If she had set herself to anger him to silence she could not have succeeded more completely.
“Good-bye,” she said abruptly.
He held her furs for her. And she went so swiftly that he could only follow her to the door. The large shape of the car swallowed her up; and the car twisted softly round the little drive and away to the London road. Minutes later he heard its Klaxon, just one sharp keen, like the harsh cry of a sea-bird....
2
Now two weeks later Ivor received this telegram from Cimiez: “Please come to stay with us here if possible. Trains packed, and sleeping cars unobtainable. Will order car to meet you Ritz, Paris, noon Saturday, to bring you down. Please wire.”
He fingered it, and he thoughtfully stared out of the window. A February prospect is not the best prospect to stare at thoughtfully. It provokes comparisons. The world outside his window was bleak and desolate. The world within his window was bleak and desolate. He wired, and went.
CHAPTER VI
1
Virginia was certainly right about the trains from Paris to the south being packed: there was not a sleeping-car to be had for months to come, and for an ordinary seat one had to fight; so that the capacity of French railway officials for being rude and being bribed was being exercised to the utmost. The douaniers were also charming, and people remarked on the genial smiles with which the passport officials at the ports greeted them.... The dawn of peace, the new year of 1919! What wonder that those who could rushed quickly away from the homes they had so long and vigorously protected, to the bright Mediterranean coast! The Sketch and the Tatler said that the Riviera had “at one bound” regained its pre-war glories of rank, fashion, and riches, and published photographs in proof of same. Carelessness was upon the world again—in 1919—and life glittered as of old, or even brighter. And what wonder—in 1919! Spectres there still were, but solaces abounded....

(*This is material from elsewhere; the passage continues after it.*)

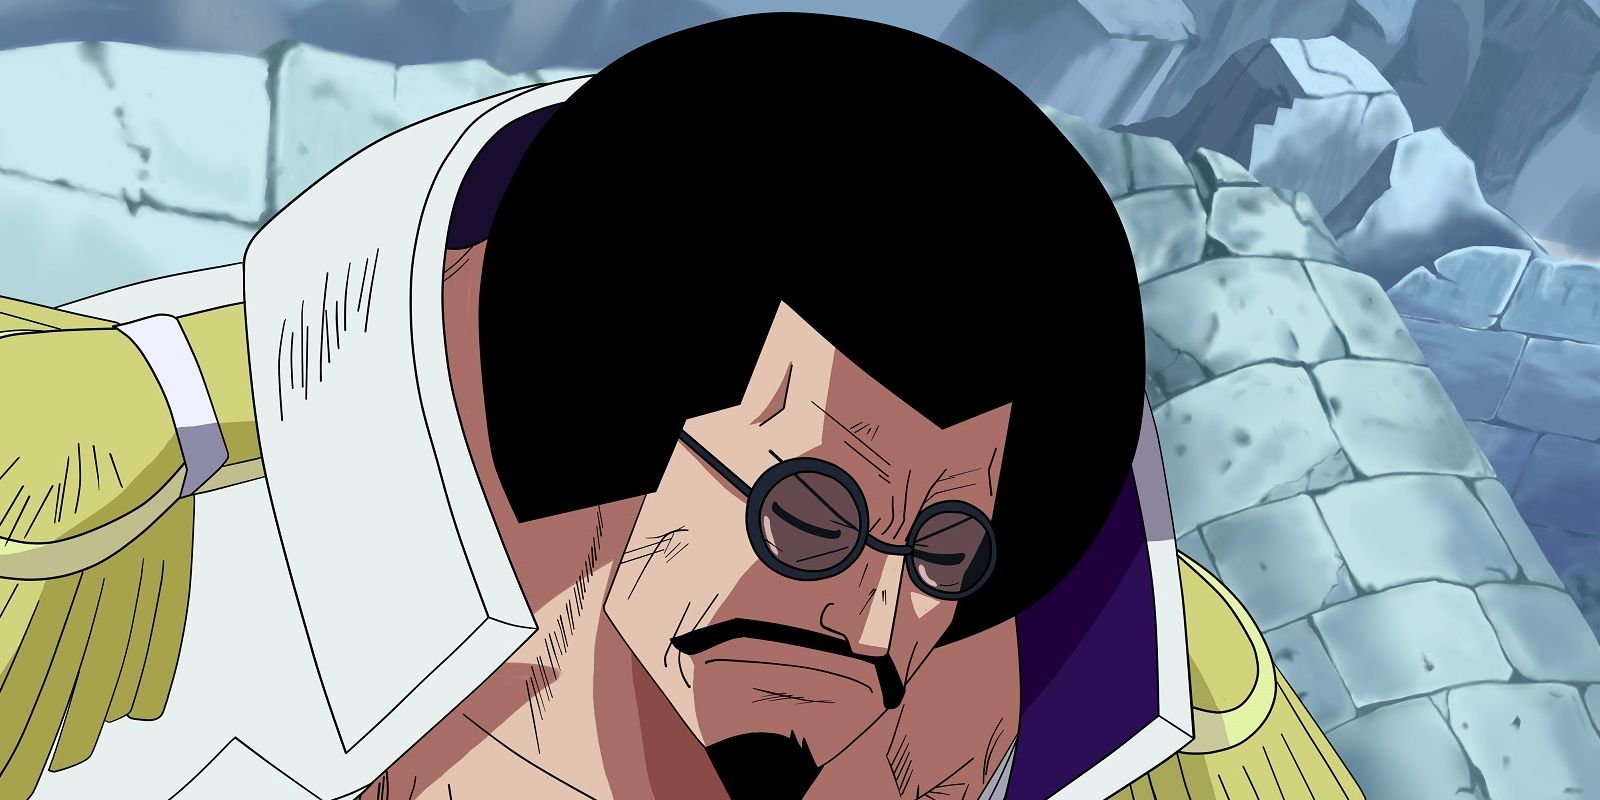 Sengoku concentrating during the Marineford arc in One Piece.

The hill of Cimiez, as all the world knows, adorns the background of the town of Nice; and the hill of Cimiez, as all the world knows, was adorned by Queen Victoria, who stayed there for a period, or two periods, upon its very crest. That crest is now distinguished by a statue of her person and a monument to her name—which is no less than the Hotel Victoria Regina, a very large and white hotel indeed, from whose windows the prospect of the Mediterranean seems but a little thing. A huge white palace it is, reigning on the hill of Cimiez, and quite dominating the smaller white palaces which are scattered about the slope of the hill, one here and the other there, on each side of the winding road that takes adventurous quality down to Nice, the pleasaunce of the mob. The presence of the great queen has left a deep impress on Cimiez, for what streets are not named directly after her despise any but the nomenclature of English majesty: whence come the rue Edward VII., the Avenue de Prince des Galles, the Place Regina, and recently the Avenue George V. Of course there are no shops on Cimiez. Those white patches of elegant shape that you see as your car climbs the winding road from Nice, are villas; and in the villas are rich Greeks from Egypt, India, and Smyrna; Jews from Egypt, India, Smyrna, and England; Englishmen from Lancashire; Americans and Grand Dukes from Paris; and Lord and Lady Tarlyon. And these last in the whitest and most elegant villa of all (the property of Mr. James Michaelson of Lancaster Gate) at the far end of the rue Edward (not Edouard) VII.